- _WHAT IS NEEDED_: Transcribe the listing below word for word but skip its images.

- _DATASET SECTION_:
+ + + + +

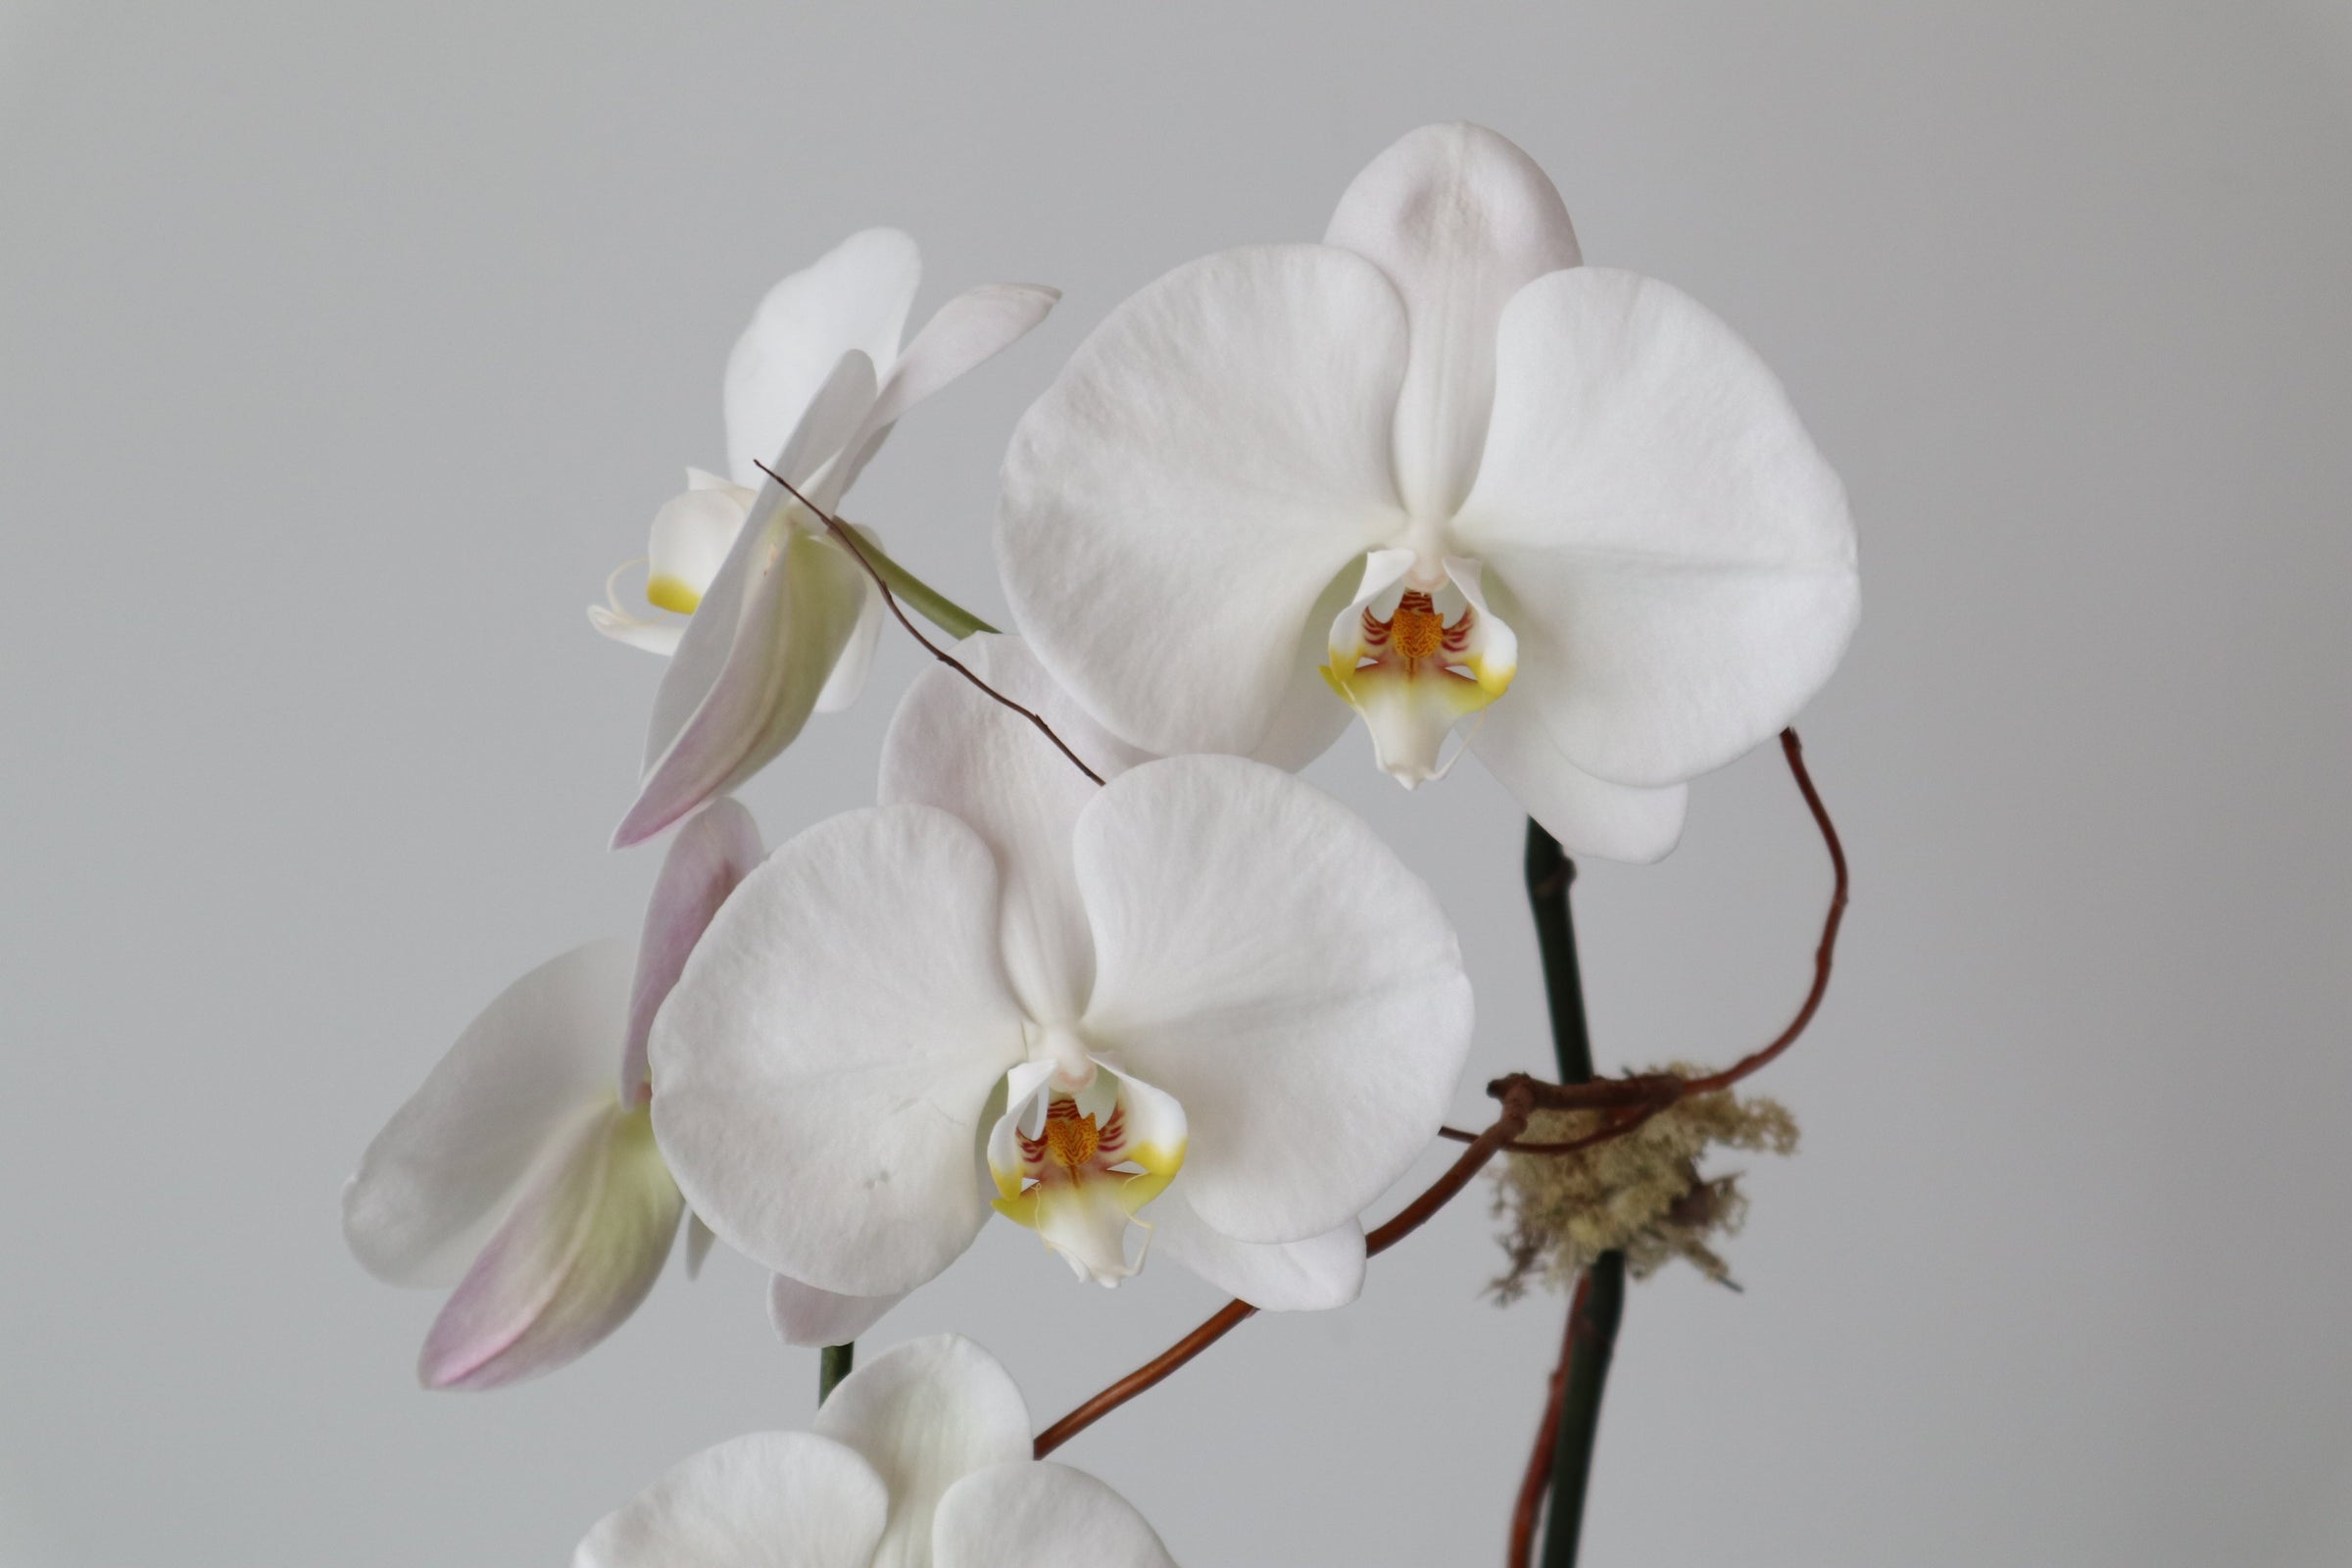 Orchid close up photos in white
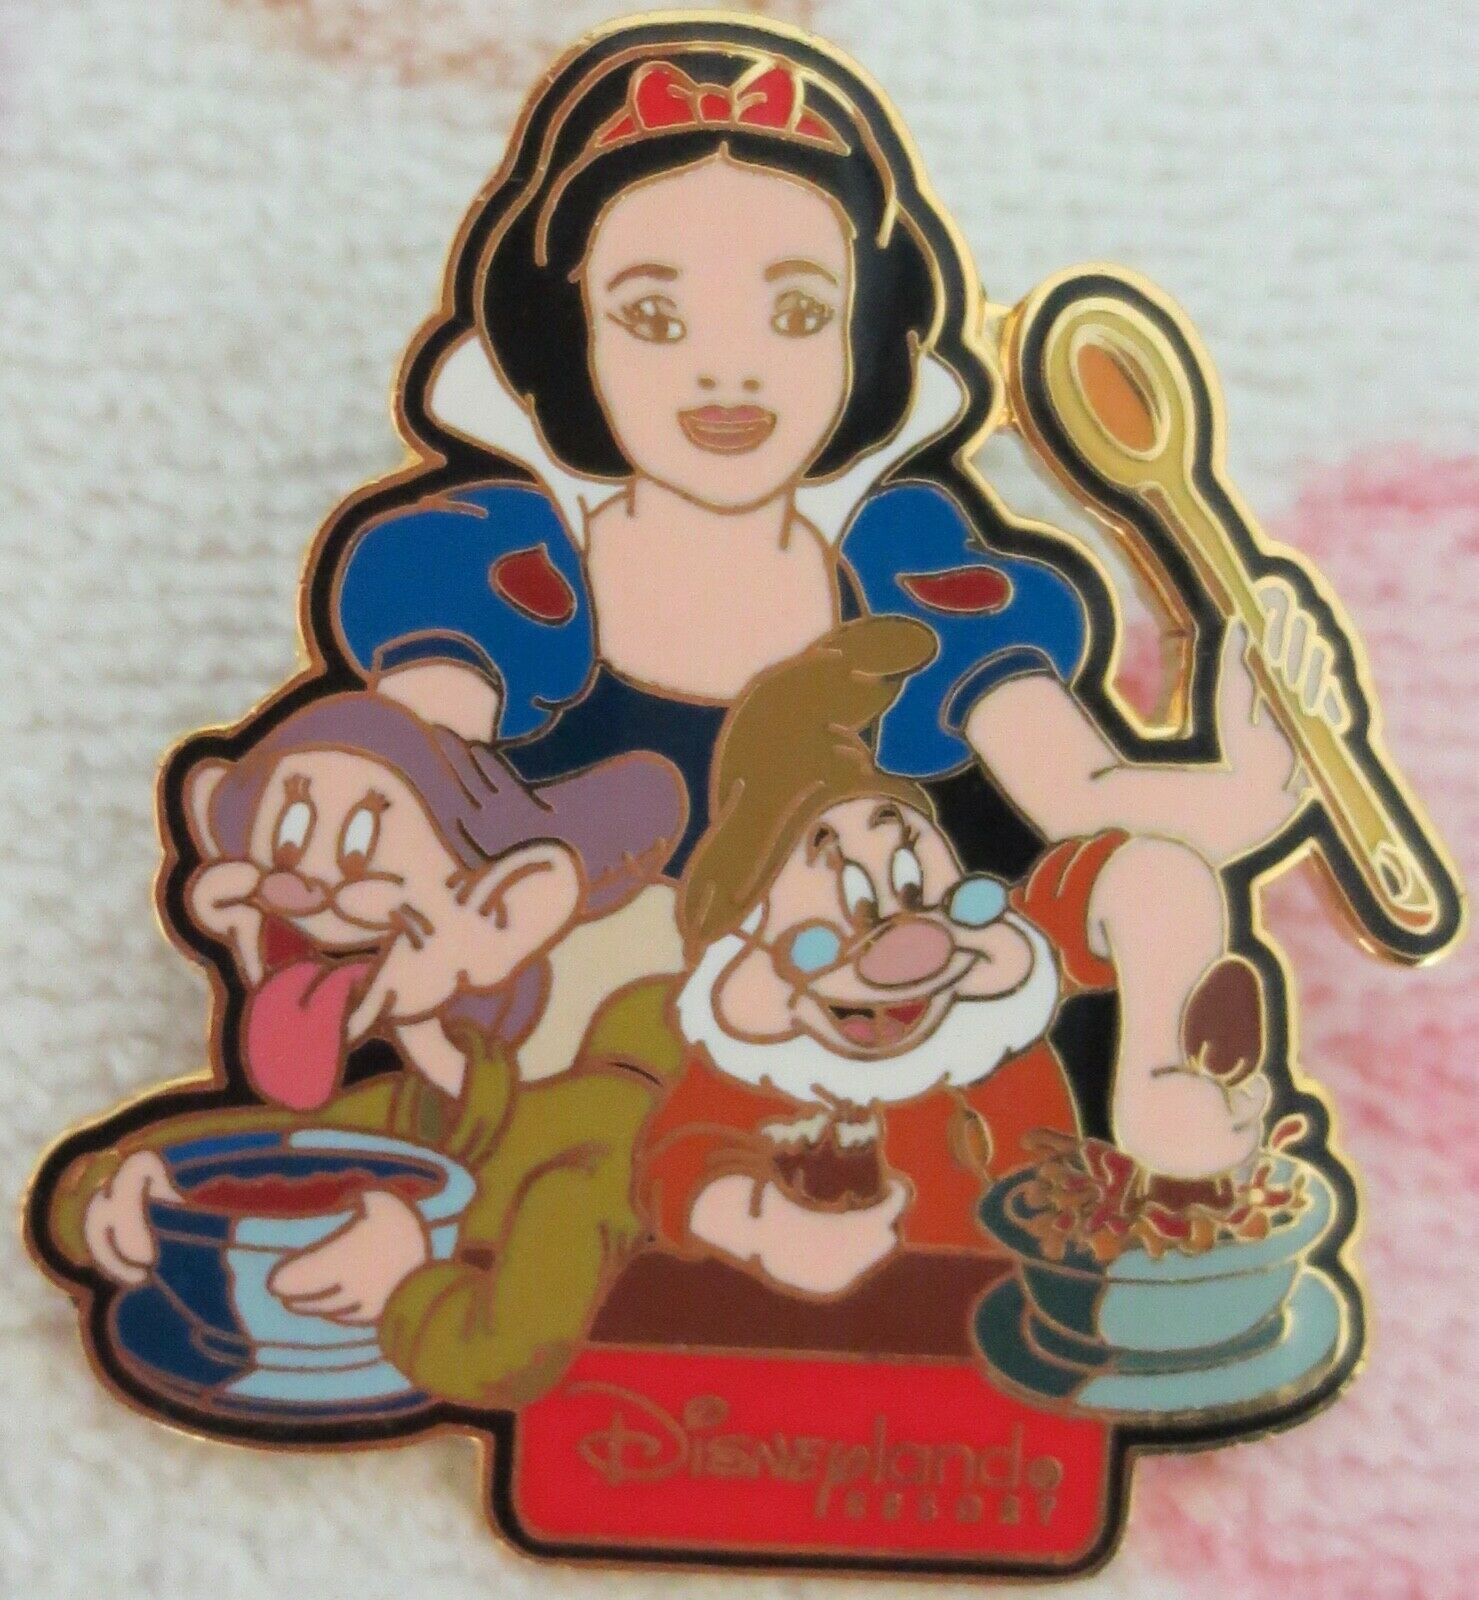 Dlr Snow White Doc Dopey Dining Series Annual Passholder #2 Limited Ed Pin 2002
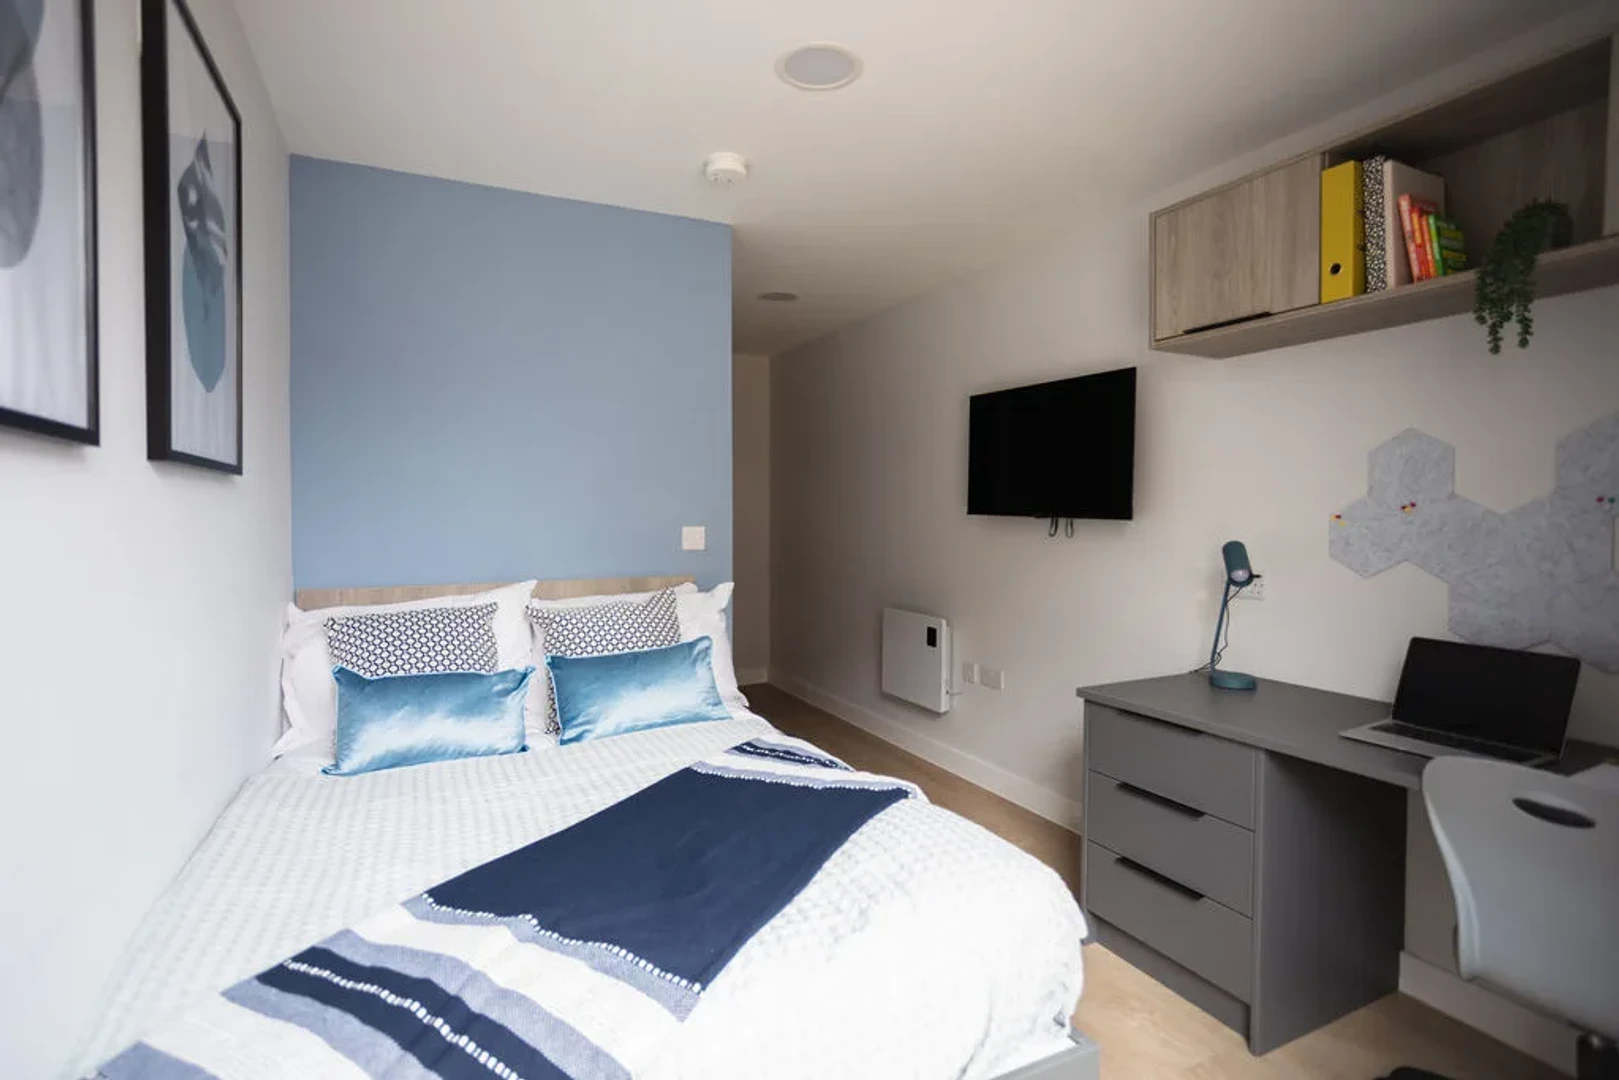 Renting rooms by the month in exeter

+ + + + +

- _SOLUTION TO THIS EXERCISE_:
 Orchid close up photos in white
 Dlr Snow White Doc Dopey Dining Series Annual Passholder #2 Limited Ed Pin 2002
 Renting rooms by the month in exeter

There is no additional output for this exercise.